Palaeomagnetic measurements were carried out on low-grade metamorphic carbonates, of Mesozoic age from the Shiar area (85.1°E, 28.6°N) of the Tethyan Himalaya (TH) in north central Nepal. Two characteristic remanence components carried by pyrrhotite (ChRM₁) and magnetite (ChRM₂) could be identified by their unblocking temperature spectra of 270–340 and 430–580°C, respectively. Fold tests are not significant, due to the uniform bedding of all sites. However, according to results from other areas of the TH, the pyrrhotite component has been probably acquired as a secondary (p)TRM during exhumation and cooling; thus the age of remanence acquisition can be related to the last cooling event (25–17 Ma in the surrounding areas). The inclination of the magnetite component matches the value expected from the Indian APWP. This may the primary origin of the ChRM₂.Pyrrhotite site-mean directions show a small-circle distribution, with a best fit parallel to the N–S direction.
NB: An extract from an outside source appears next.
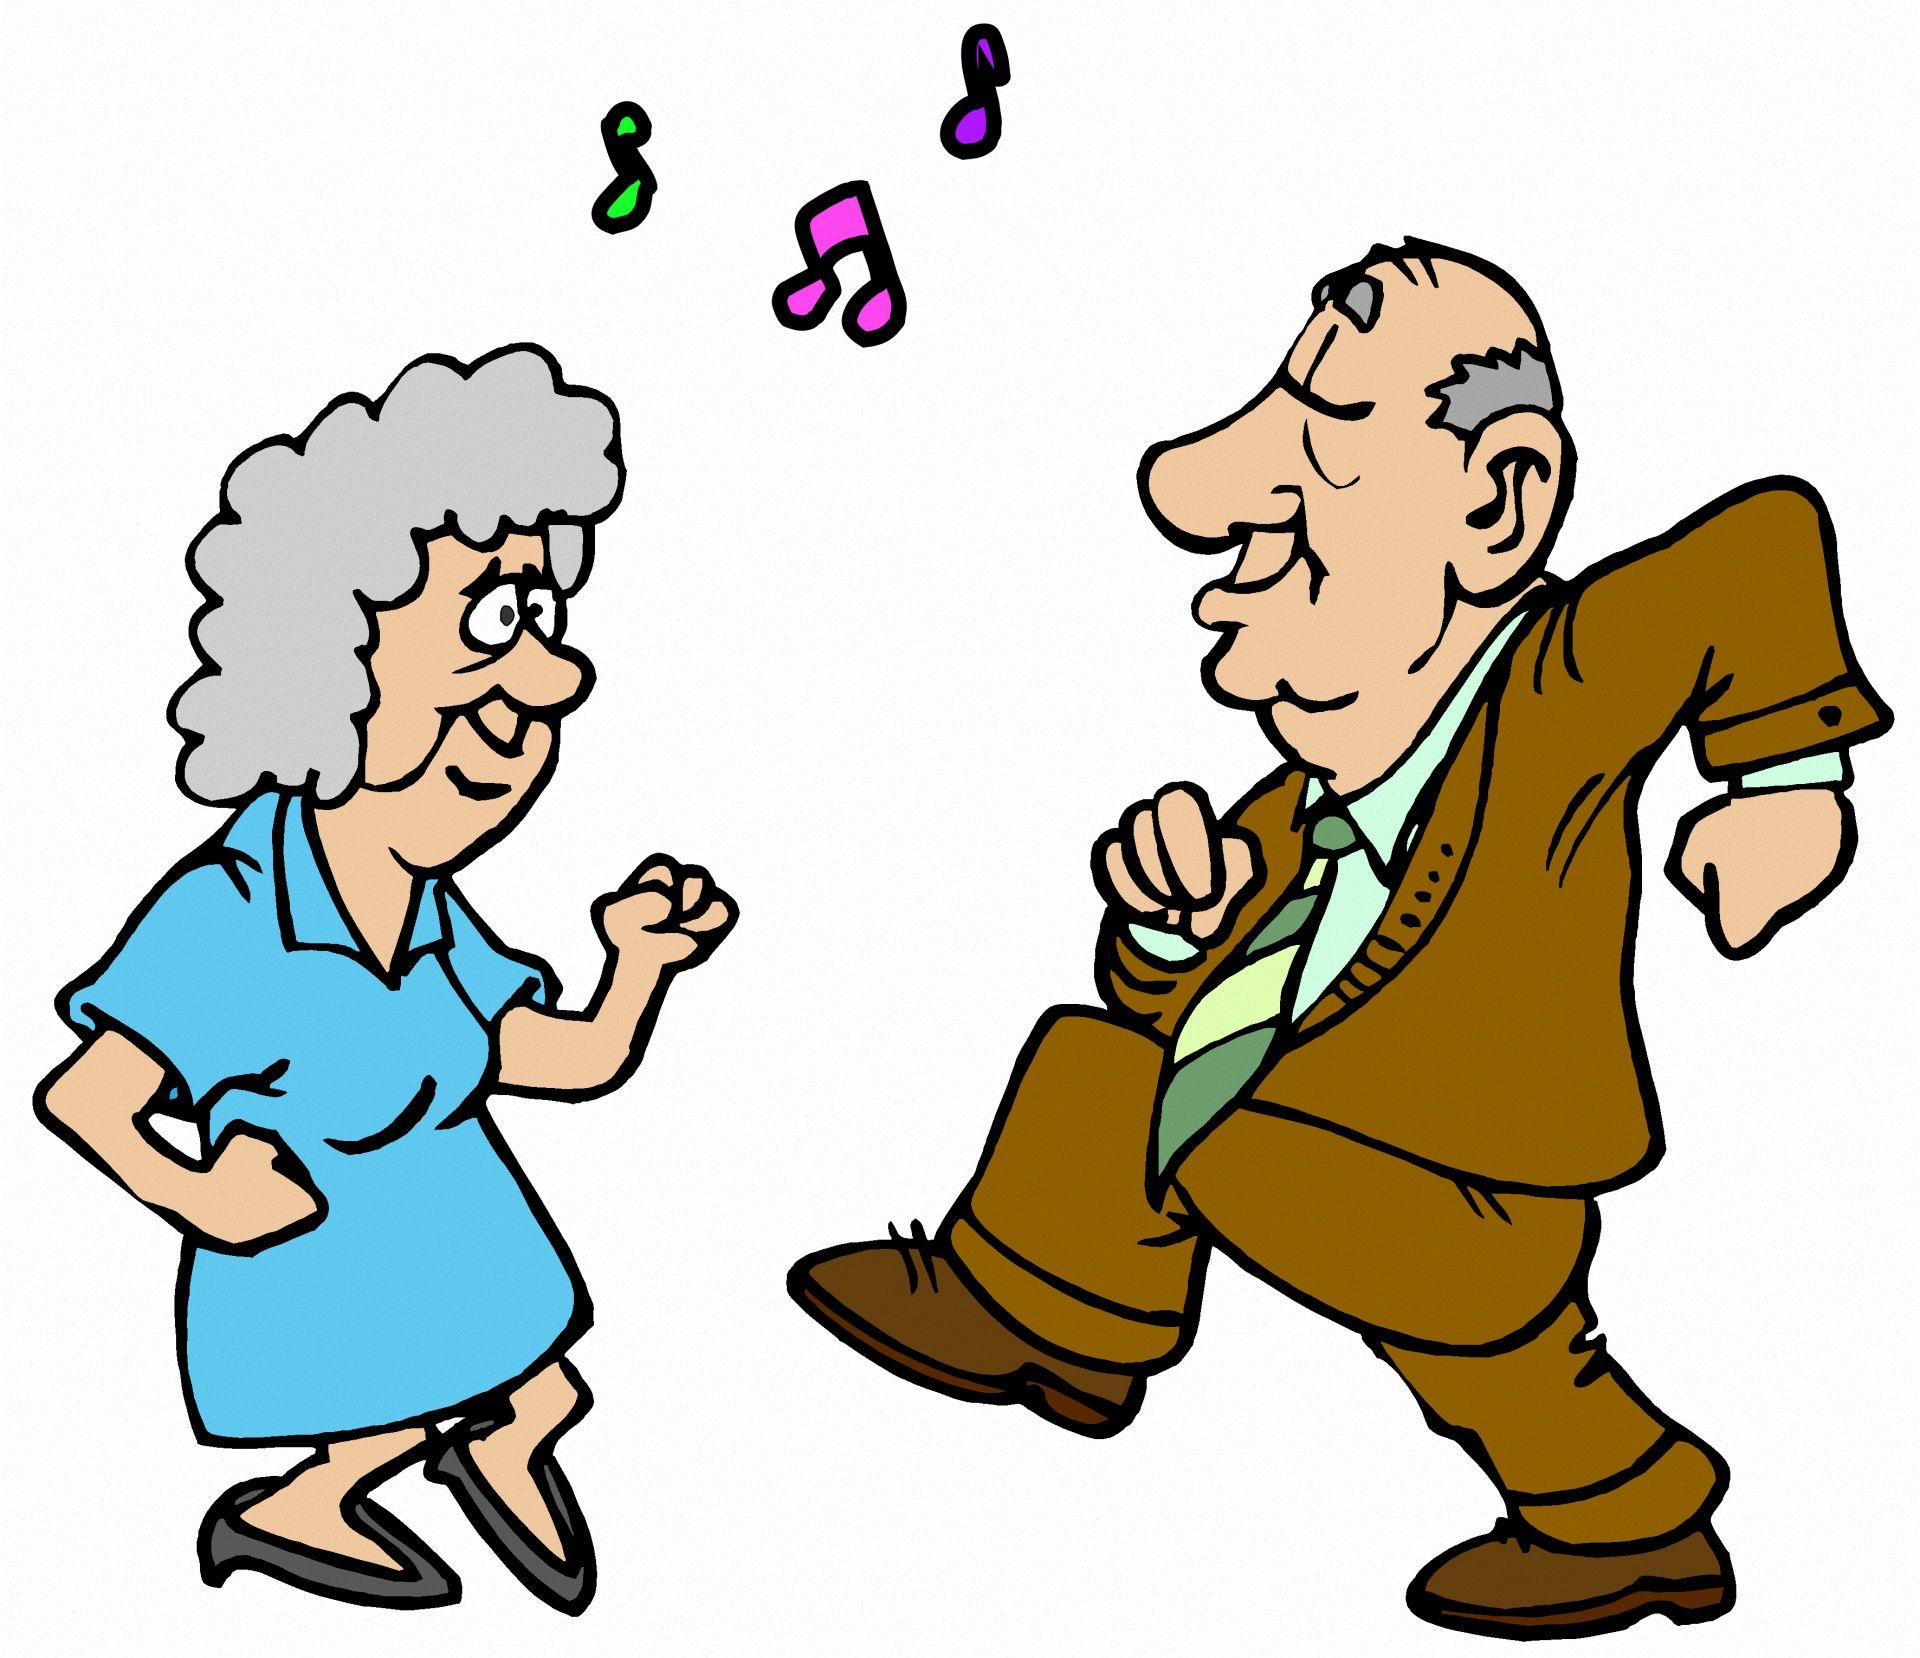 picture of senior danding Image Search Results. Cartoon people, Cartoons dancing, People dancing

Backtilting to the expected inclination (I_exp) by intersection of the remanence small-circle with the small-circle of constant I_exp yields a clockwise block rotation of 30–35° with respect to the Indian Plate. Characteristics of the pyrrhotite component (small-circle distribution of site-means, secondary origin, (p)TRM with unblocking temperatures below about 300°C), allow the interpretation of the chronologic order of the thermo-tectonic history: (i) an earlier main folding phase at elevated temperatures; (ii) a later event of cooling through about 300°C coinciding with the acquisition of ChRM₁; (iii) clockwise block rotations with respect to the Indian Plate and (iv) long-wave folding as the youngest tectonic event.